» **Task**
Working through the data below, reproduce word for word the line with "TIBETAN STYLE BEAD" and every line after it, both ends included, and omit the pictures.

» **Data segment**
+++
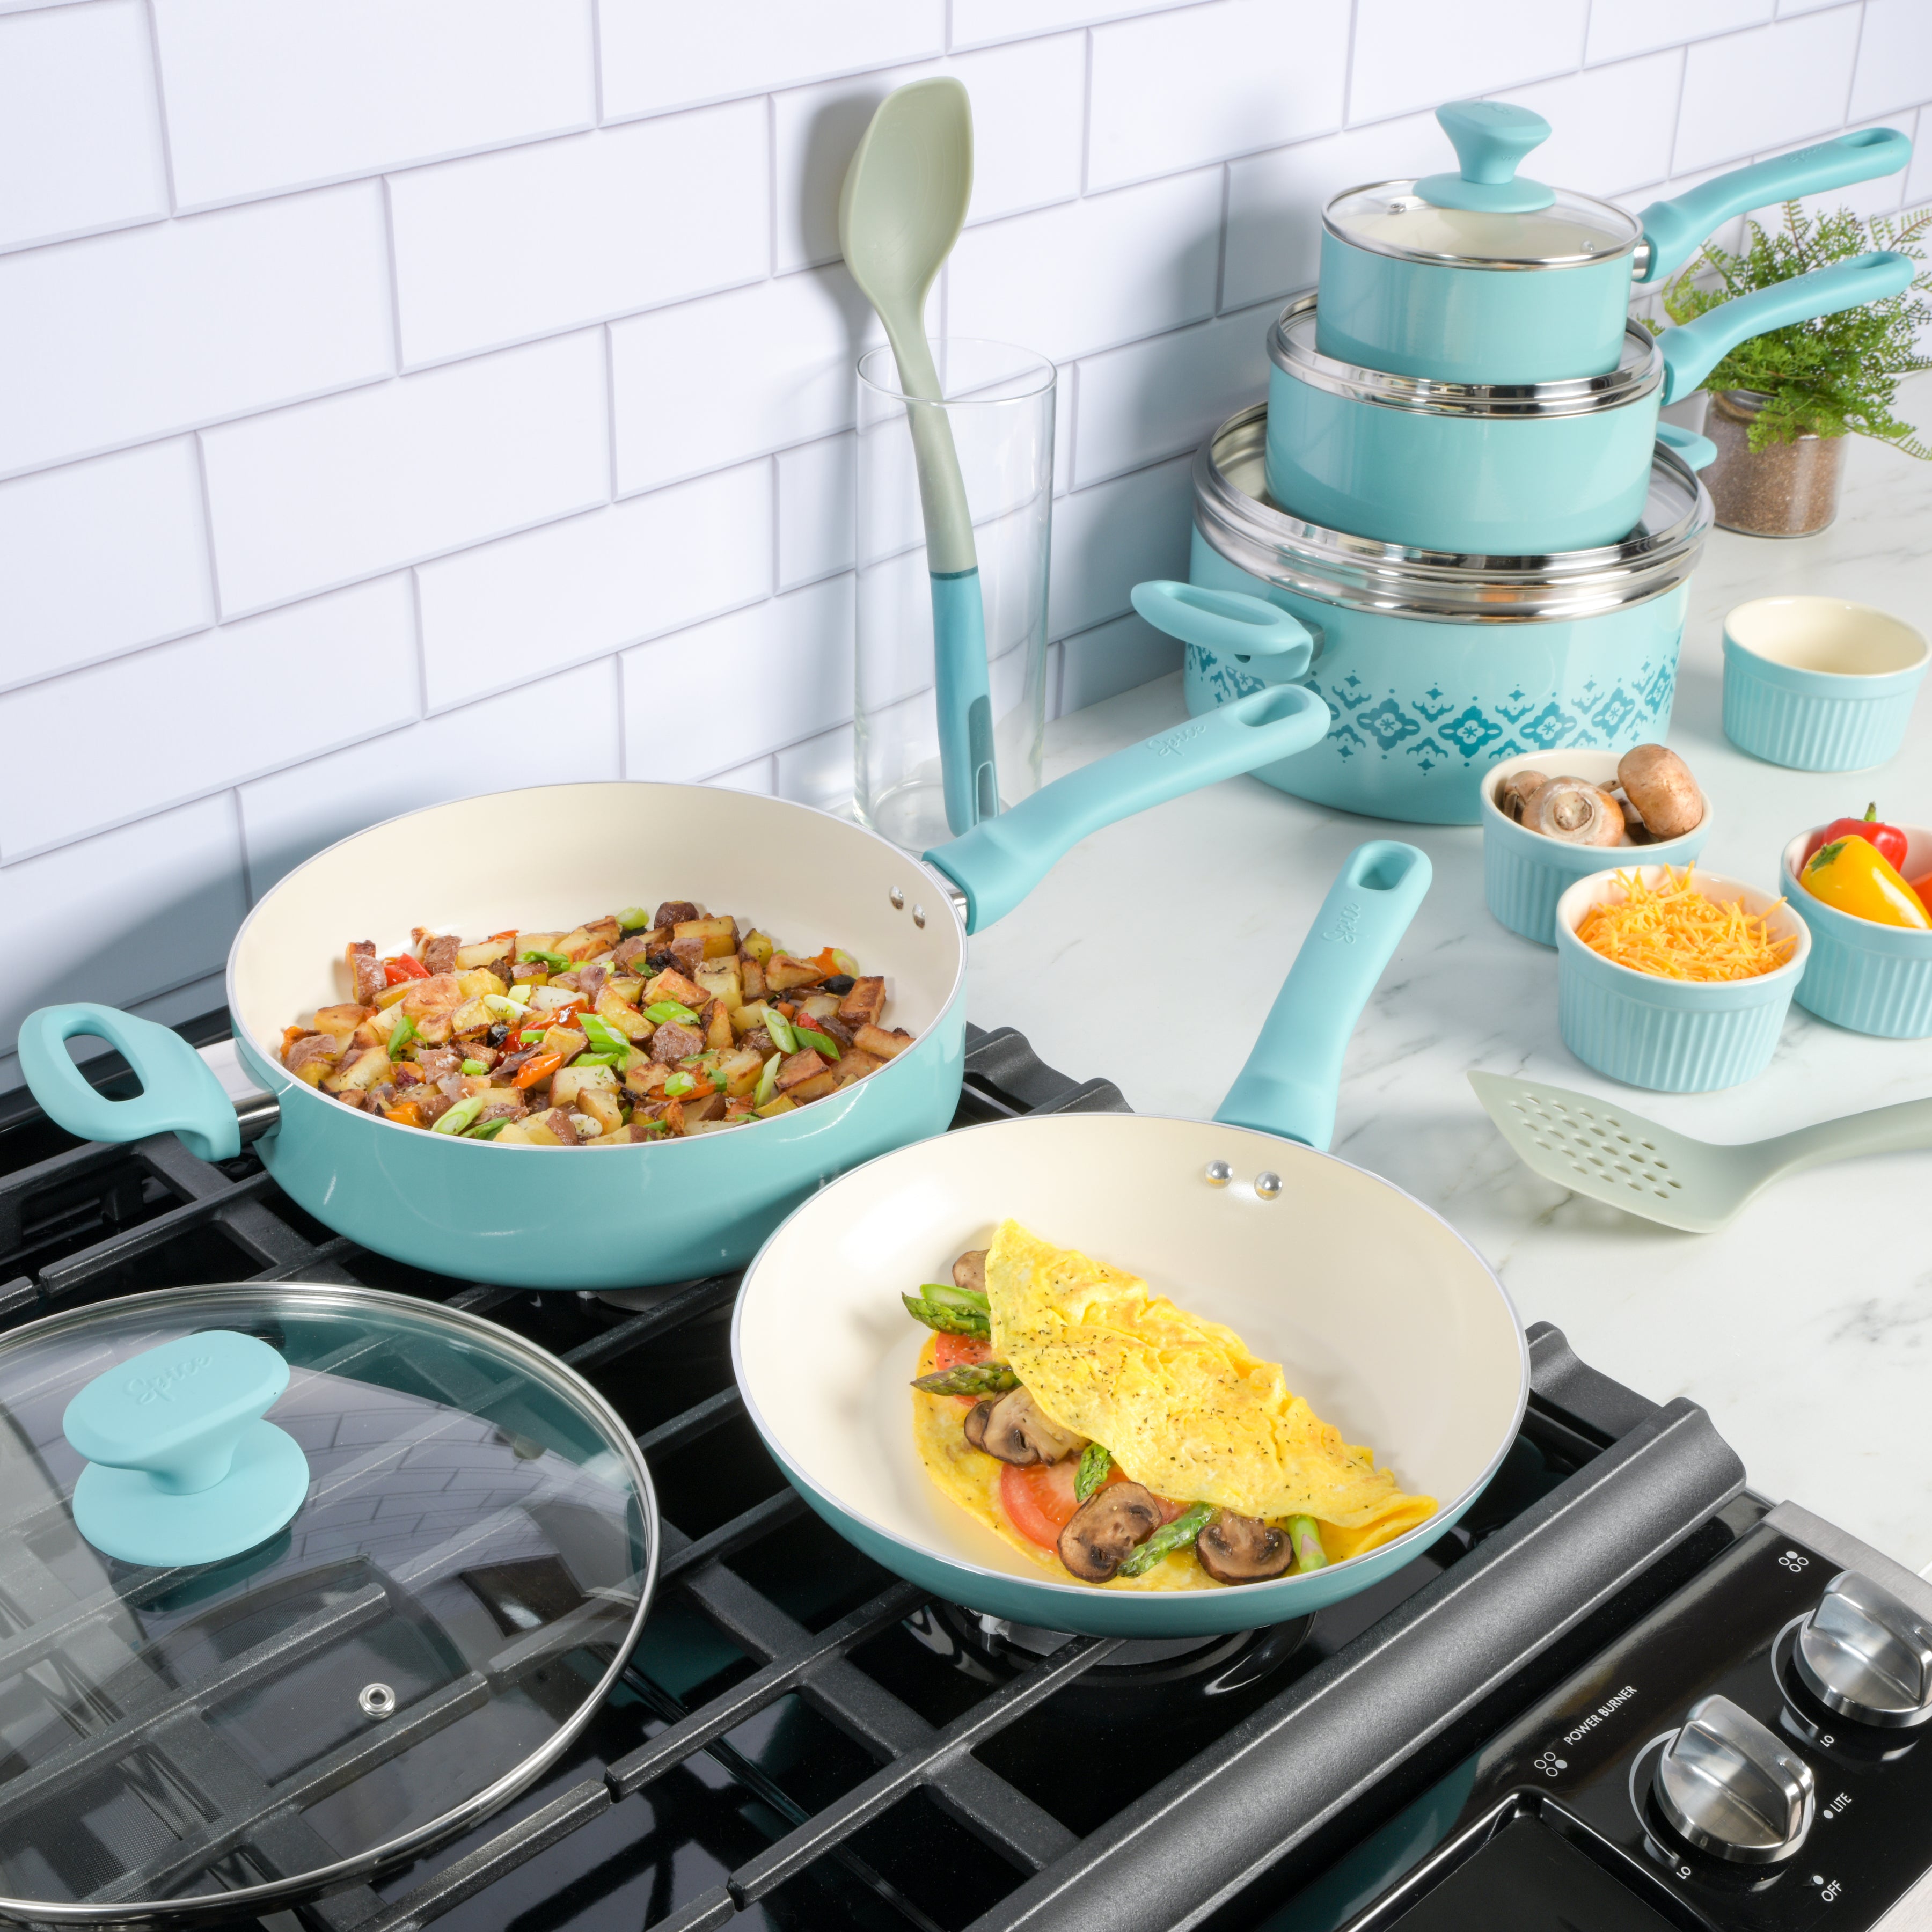 Tia Mowry's New Cookware Line Is Here
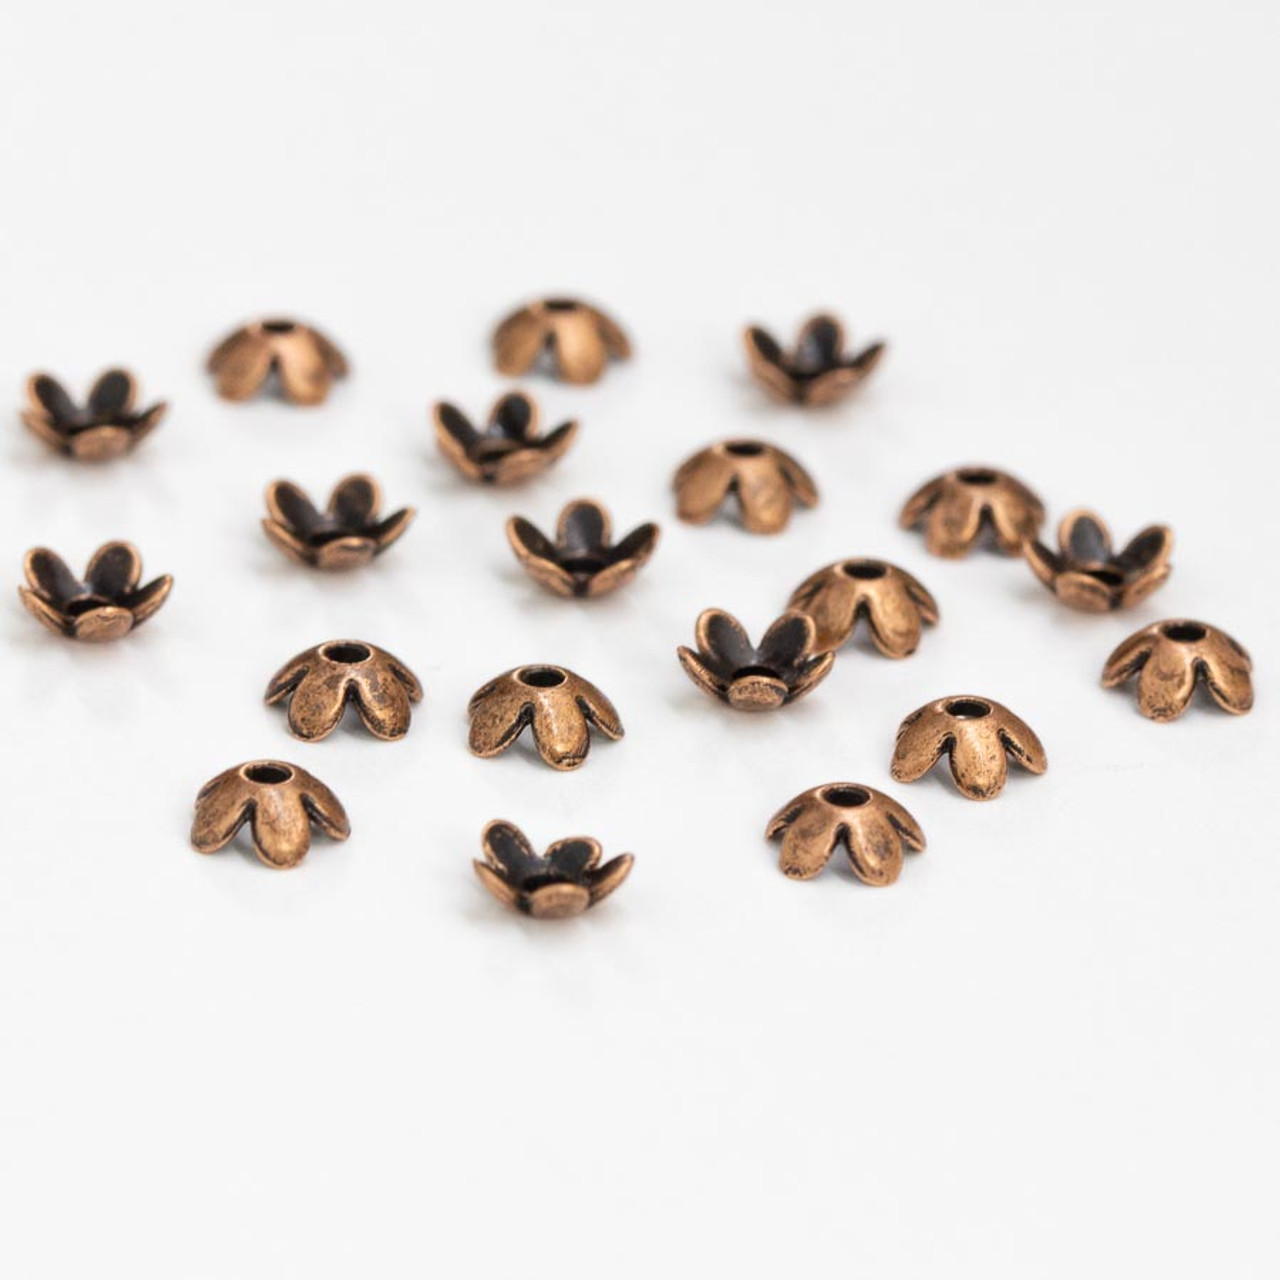 TIBETAN STYLE BEAD CAPS 6mm Antique Copper Plated (Pack of 20)
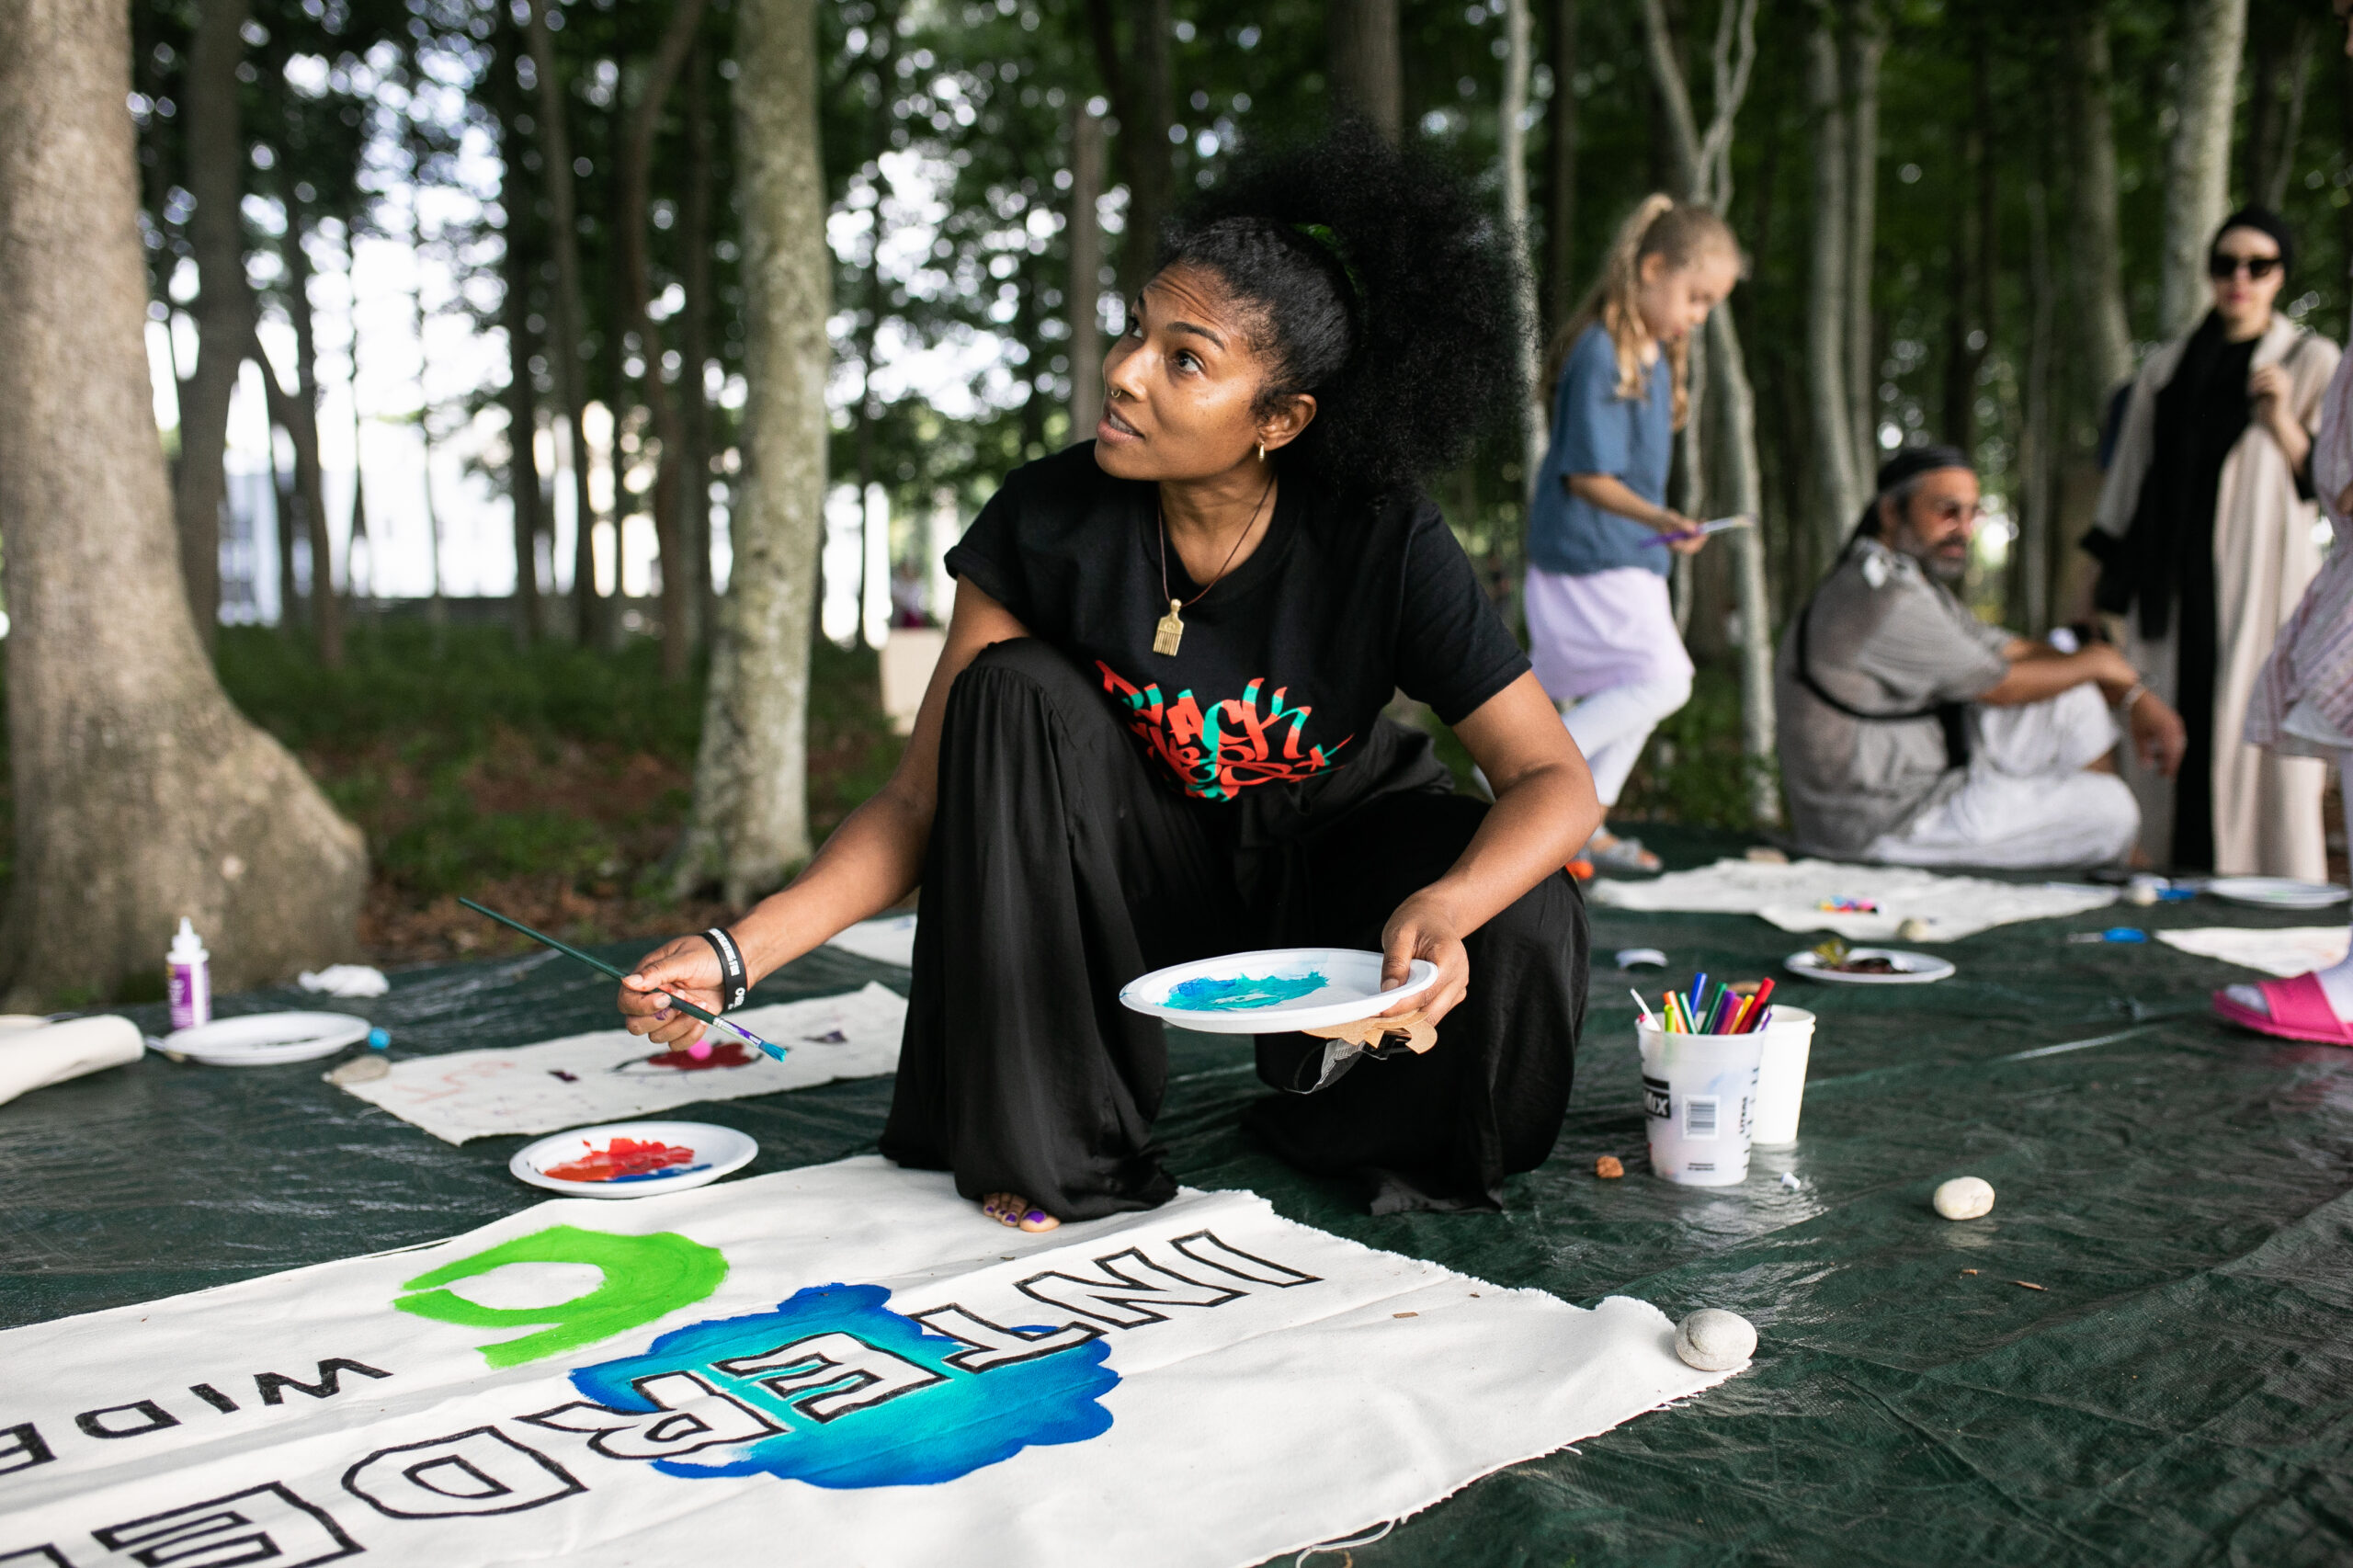 Using art to explore issues related to activism, the Watermill Center will offer a five-week program for teens. Artists engaged with visitors during a previous Community Day event. COURTESY THE WATERMILL CENTER
+++
» **Response to this task**
 TIBETAN STYLE BEAD CAPS 6mm Antique Copper Plated (Pack of 20)
 Using art to explore issues related to activism, the Watermill Center will offer a five-week program for teens. Artists engaged with visitors during a previous Community Day event. COURTESY THE WATERMILL CENTER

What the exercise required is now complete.